Seeing through such things is what gives one the sense to treat them in the right way. One must have a sense of getting to know life, of getting to know life in its most diverse nuances. Then one will immediately notice when things come out that point in one direction or another.

I have already said that a good remedy in the psychological field is to be inventive and tell the boy a story that you have made up, in which his characteristic plays a role, where you tell him that there are people who do such things, but they dig a pit for themselves and fall into it. This dramatic story, developed with inner enthusiasm, is something that can lead to the goal if one does not lose heart in the process. In addition, such a boy must be treated with therapy, injections with pituitary gland extract, which is something that can lead to the goal if one does not lose heart in the process. Developing this dramatic sequence with inner enthusiasm is something that can lead to the goal, if one does not lose heart in the process. In addition, such a boy must be treated with therapy, injections of pituitary gland and honey, because, as you have seen, the temporal lobes are atrophied and therefore care must be taken to ensure that this deformation can be influenced by opposing growth forces.

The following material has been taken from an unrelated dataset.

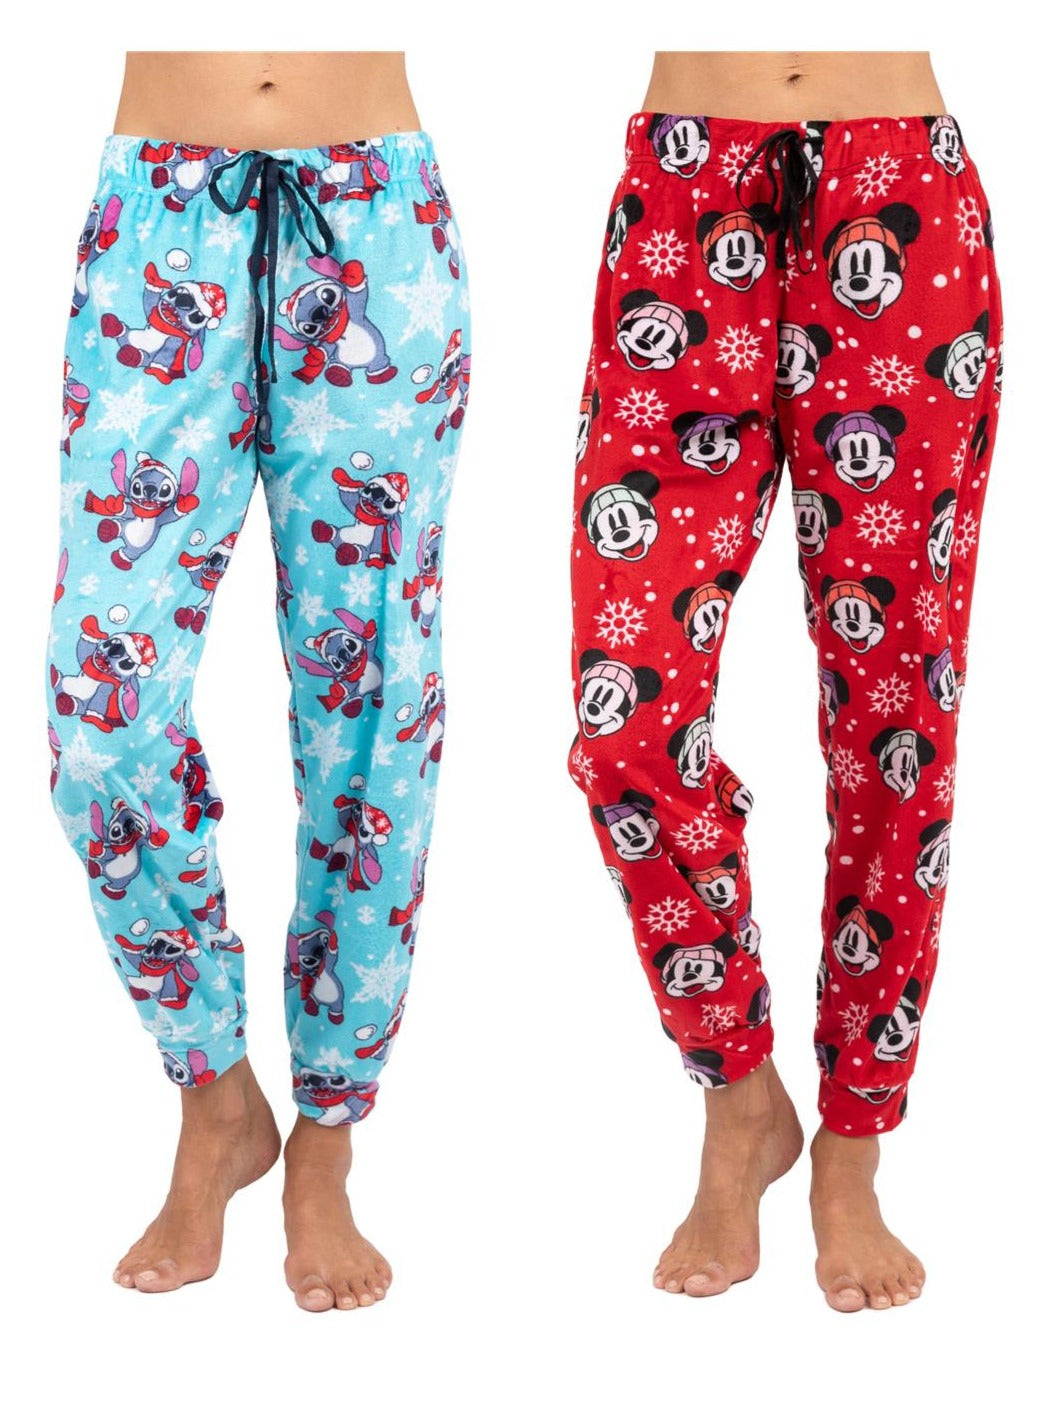 Disney Women's Plush Jogger Pajama Pants - Pack of 2 – Premium

A particularly beneficial effect can be achieved if it is applied vigorously and energetically, by using curative eurythmy, by having everything that is vocal done with the legs, driving out the intellectual from the will, and driving the effort that lies in the vowels into the will.

But one must be clear that one must use one's authority to get such a child to discuss thoroughly the abhorrent nature of such an act. Only one must not do this too early. One must bring this into the intellect, but not too early, because otherwise one kills everything. One must work through invented stories and gradually guide them over. You see, it is extremely difficult to point to success in these matters because the successes are not noticed. But there would be fewer kleptomaniacs if, when symptoms such as those I have discussed appear, one were to start with such stories at a very early stage. They always work, but one must not lose patience. You can be sure that with such a child, if the problem is deeply ingrained, it will often take a very long time to achieve anything.

Now, the other difficult child, who is not yet quite a year old, whom I discussed yesterday, the hydrocephalus. The treatment was indeed extremely difficult at first. Because, you see, what is the problem? Above all, there is an extraordinary excitability and irritability of the sensory nervous system. This is the only thing that can cause the enormous enlargement of the head. In other words, a greatly increased irritability of the sensory nervous system. Any particular irritability of the sensory nervous system is expressed in an enlargement of the head. However, one must bear in mind relative ratios, not absolute numbers. If a small person is predisposed to this, they may have a head like that of a tall person, but for them it is a large head. This must be taken into account when dealing with normal cases. The boy is also abnormal. There is an excessive sensitivity and irritability of the sensory-nervous system, caused by the circumstances I mentioned yesterday in relation to the embryo and the interaction between father and mother.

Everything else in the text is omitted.